:: Source material ::
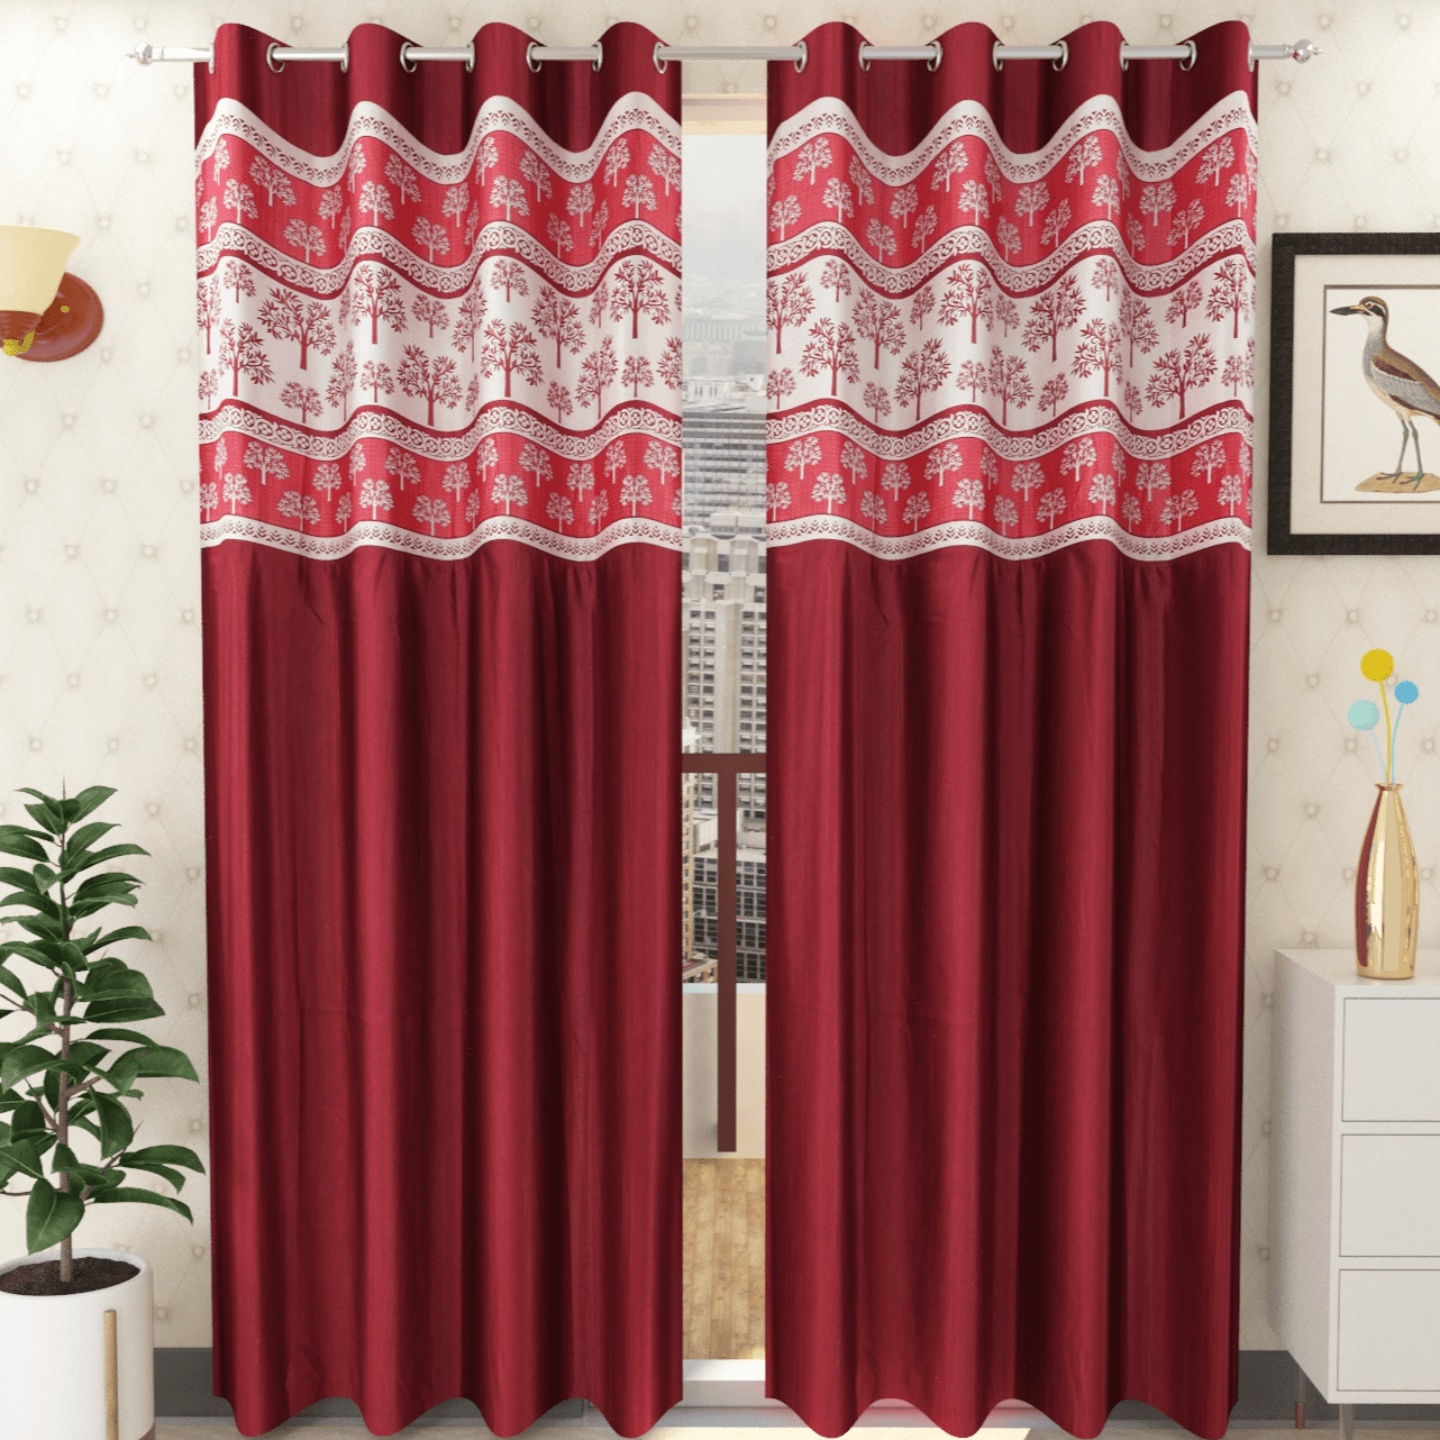 Handtex Home Tree design Patchwork curtain for door 9 feet set of 2pc Maroon color
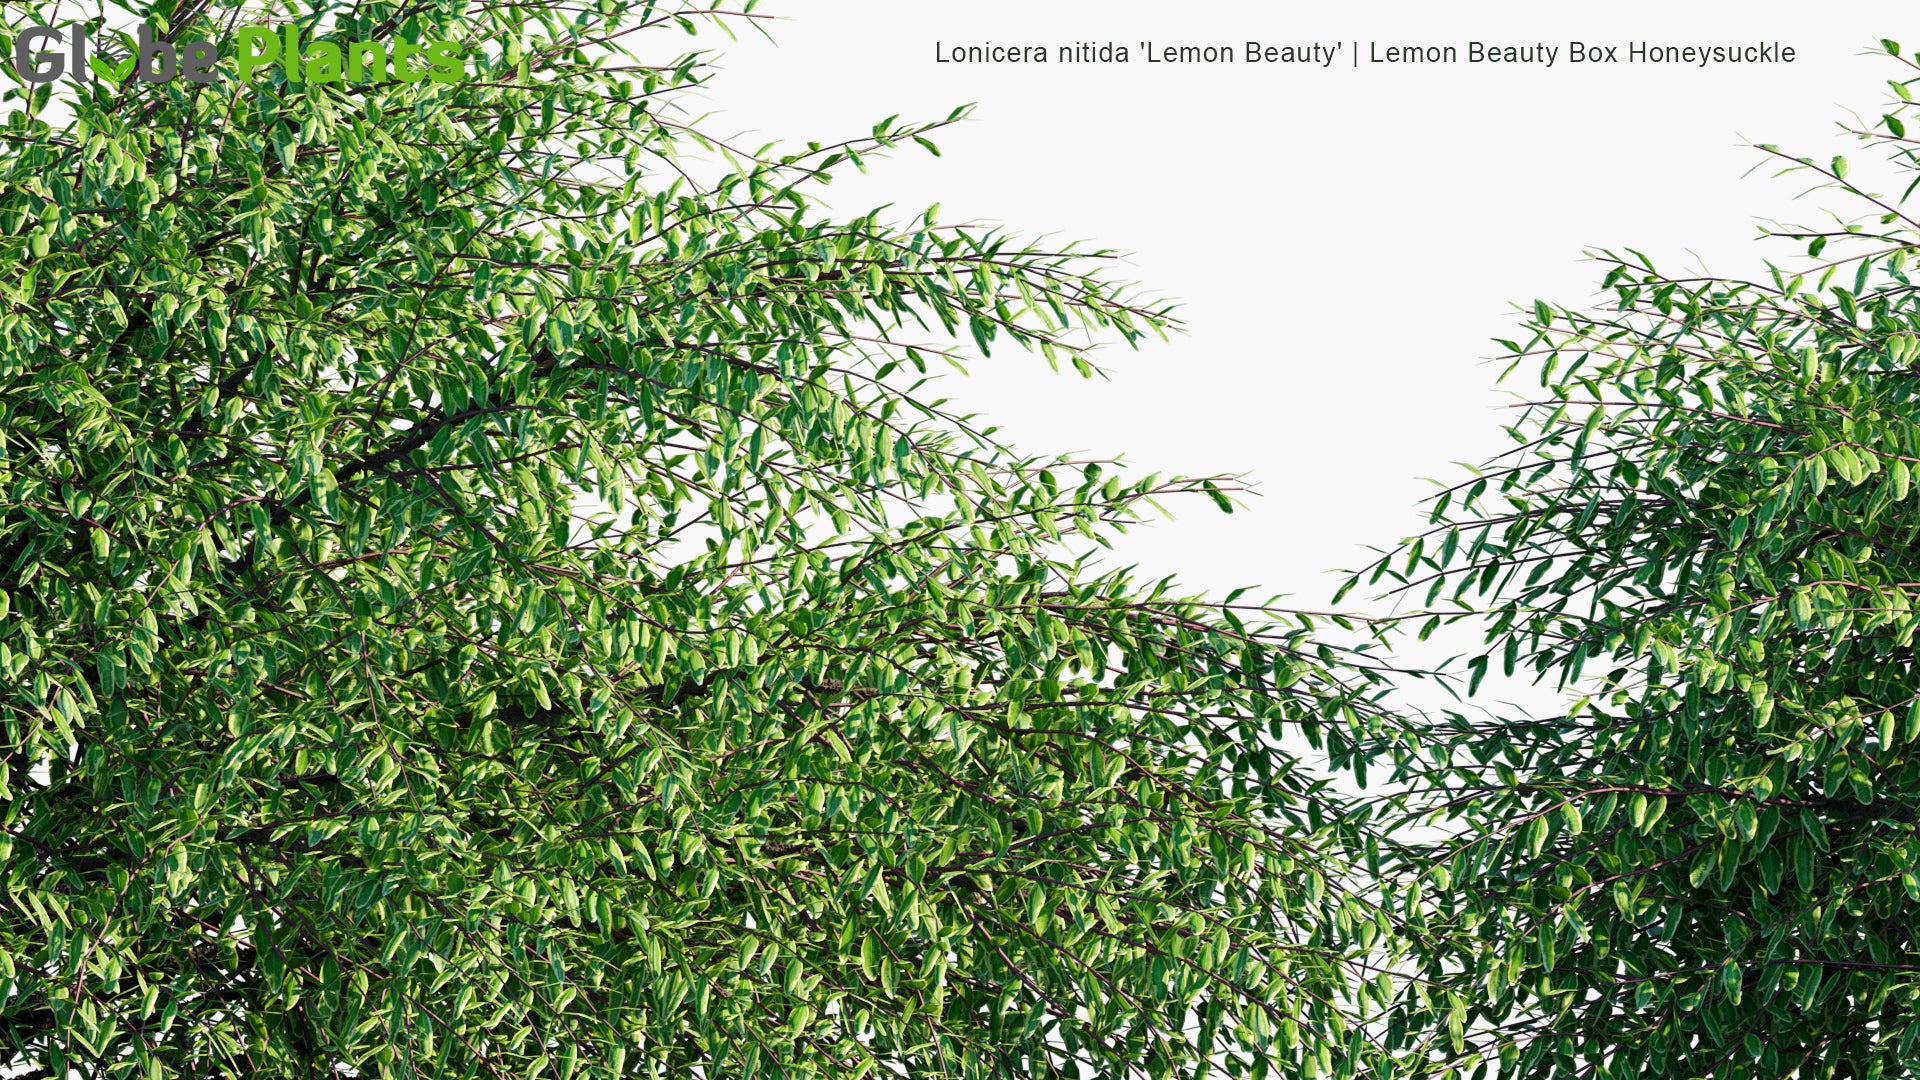 Lonicera Nitida 'Lemon Beauty' - Lemon Beauty Box Honeysuckle
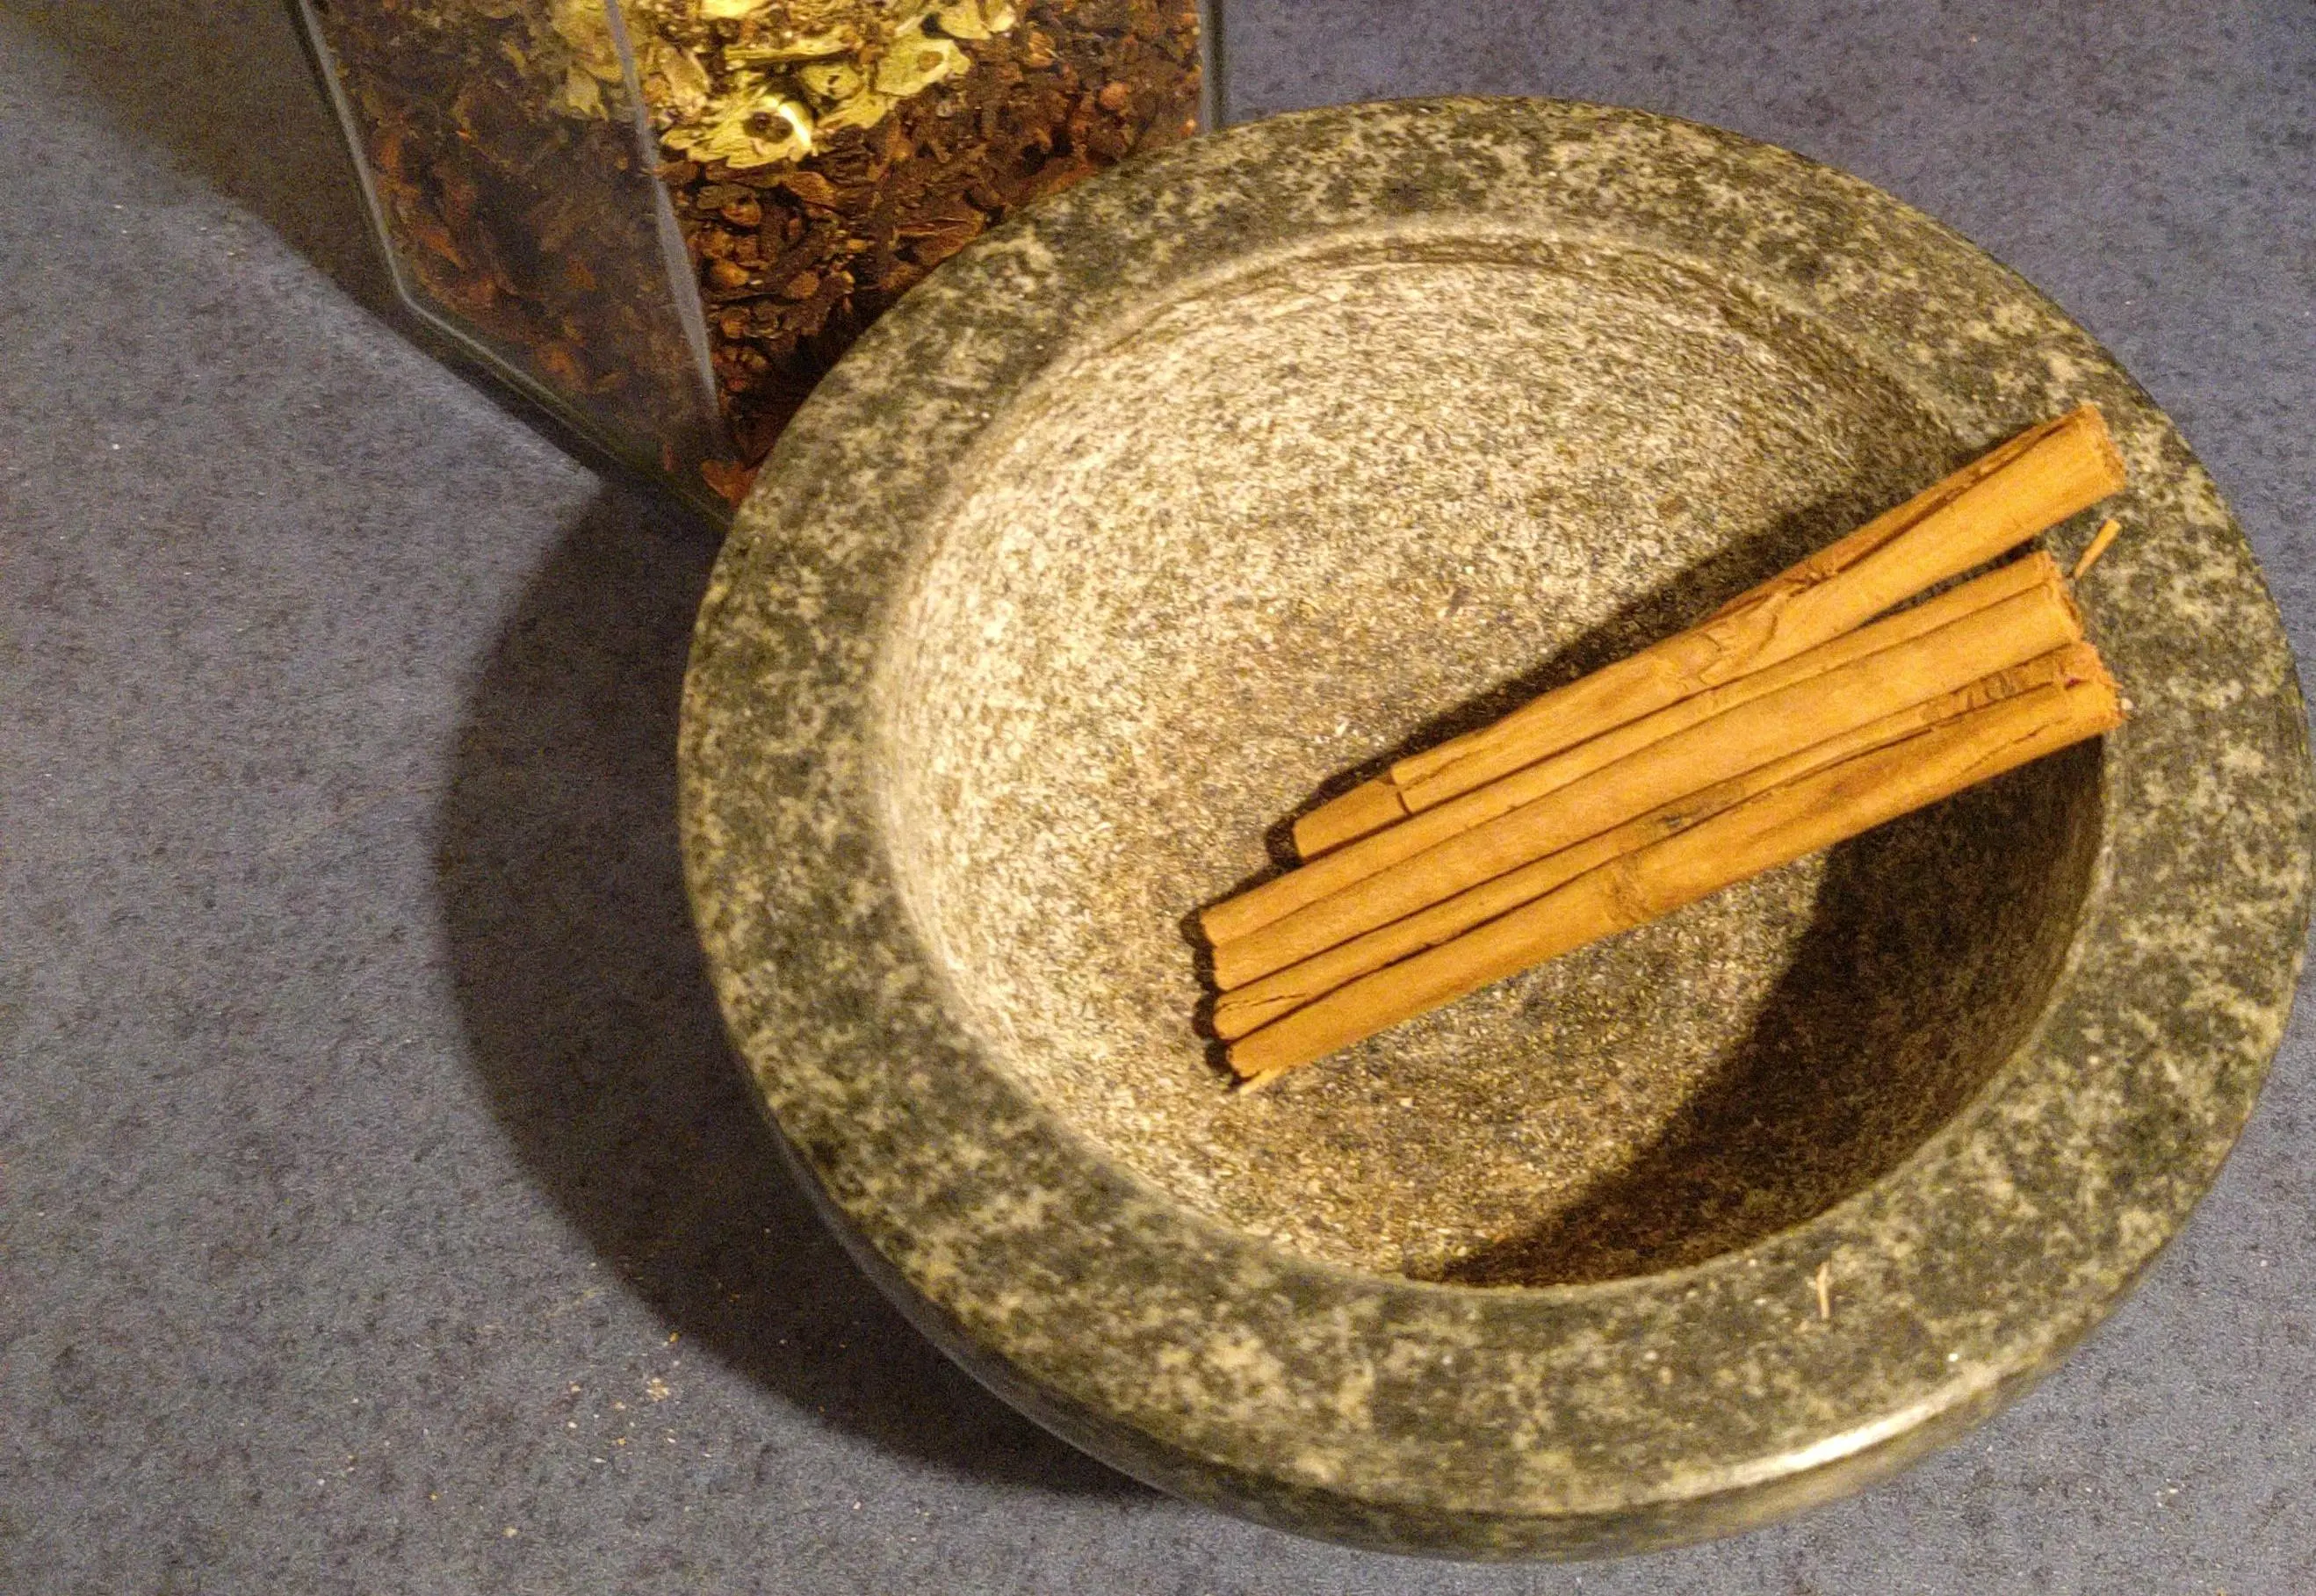 cinnamon sticks in a mortar
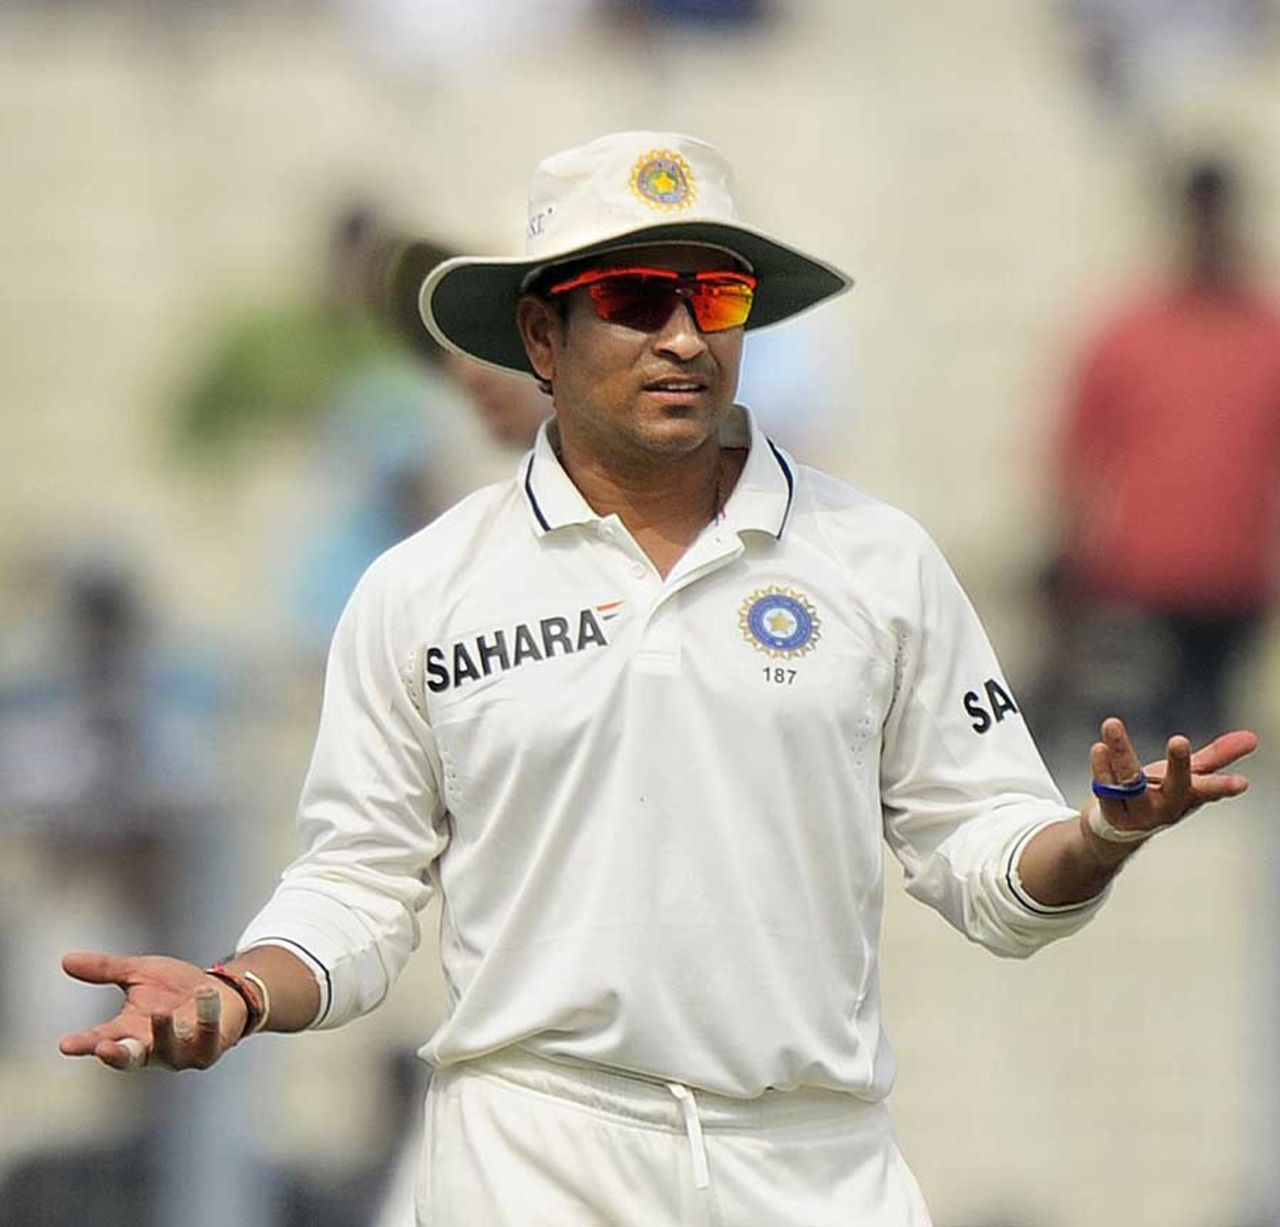 Sachin Tendulkar gestures during West Indies' second innings, India v West Indies, 2nd Test, Kolkata, 3rd day, November 16, 2011

:: What is being asked ::
Write out only the lines from the line containing "Lonicera Nitida 'Lemon" through the end of the material above, both end lines included. Pictures are not written out.

:: Your solution ::
 Lonicera Nitida 'Lemon Beauty' - Lemon Beauty Box Honeysuckle
 cinnamon sticks in a mortar
 Sachin Tendulkar gestures during West Indies' second innings, India v West Indies, 2nd Test, Kolkata, 3rd day, November 16, 2011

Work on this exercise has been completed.